MM:  I was reading on Tidal five albums that changed your life and one of those artists was Prince and his album ‘Dirty Mind’ how did Prince inspire you?

FN: I think Prince for me was the black man that could be different and I can relate to that because I felt different. Once I seen a brother wearing garter belts and stuff, but had fine women, I was said ‘I can do that.’ I wouldn’t wear the garter belt, but I could go in that lane and just be extremely different and be yourself. He was a great teacher to a whole generation of kids. I was definitely feeling marginalized. I’m growing up in the hood but man I like these leopard skin cowboy boots and I got to wear them. I know they’re going to laugh but I got to [Laughs]. I think he helped validate that at a very young age. So I don’t know so much musically, as much as just his philosophy. He’s like some musical genius and I’m a musical amateur, I’m happy with one chord. So I think his philosophy was incredible. I think he came from a long line of African-Americans who had the audacity to be themselves. You can go back to Little Richard and Robert Johnson. These people who were really bold and that’s a part of the black experience. I feel like that’s our weapon of choice sometimes. We just got to be loud, we got to be bold, we got to be ourselves. And I appreciated that from them.

MM: So how would you describe your musical style to someone?

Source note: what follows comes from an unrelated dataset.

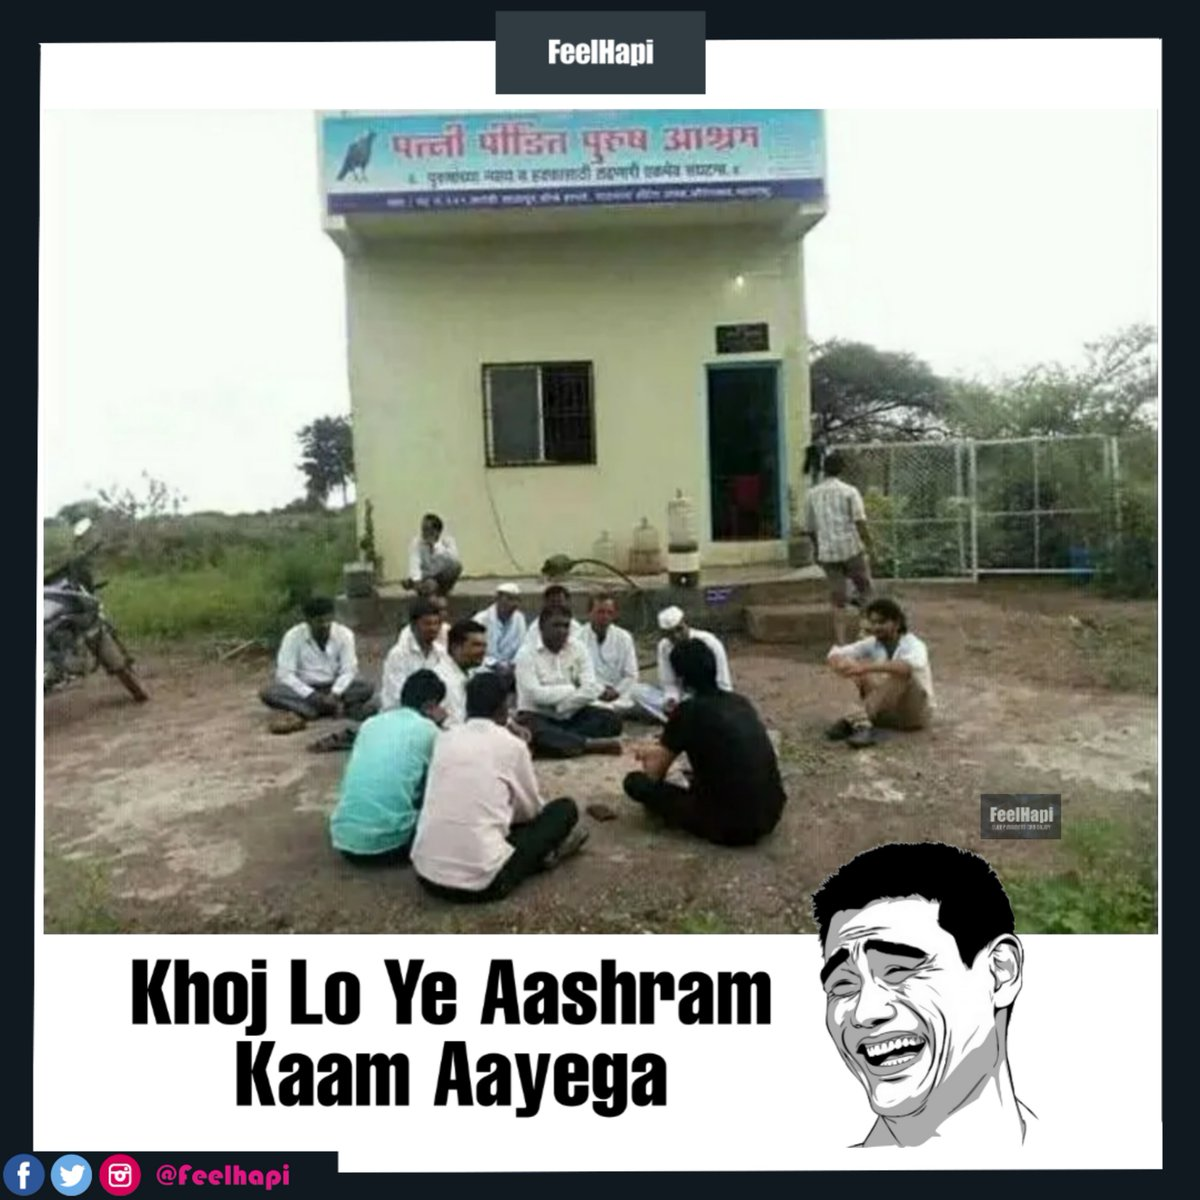 Pati Ki peeda pati hi jaane  . . #feelhapi #patipatni #husbandwife #jokeskhatarnak #jokeshindi #chutkule #jokes #khatarnakjokes #jokeshijokes #funnyjokes #hindijokes #instadesi #indianjokes #desijokes #dailypost #dheemedheeme #trending #channle #youtube #dancecover #manpic.twitter.com/LuzZfxag9J

FN: Black roots music, simple. And then you got soul, funk, blues, foot stomps, handclaps, B3s, mini moogs, disco, hip hop, all those vibrations. To me all of that is Black roots music, rock and roll all that. So I really view the music that way. It’s not even my music, it’s just a garden like this garden I’m looking at now. This is planted long before we even came. I remember coming up with Fantastic Negrito and people were like ‘why man?’ I remember one of my white homies was like, ‘Man I got to tell you, that’s a bad choice. White people, we don’t like saying that word Negrito. It makes us uncomfortable.’ And I was like, ‘Wow, that’s good actually.’ I just thought if I picked that name every opportunity I could talk about Sister Rosetta Tharpe, Skip James, these people that maybe get forgotten. I think we’re just carrying on that legacy and the very proud legacy of black roots music. If you’re doing music in America, that’s what you’re doing. I don’t care if you’re a country artist, Sturgill Simpson, Kendrick Lamar, Eminem, or anybody. That music in America came from the black experience and I’m very proud of that. It doesn’t mean that you’re opposing anybody. Just means like, ‘hey, those are my roots.’ It’s just comes from a culture, comes from a experience. I think it’s amazing and I’m very fortunate just to be a conduit of this experience.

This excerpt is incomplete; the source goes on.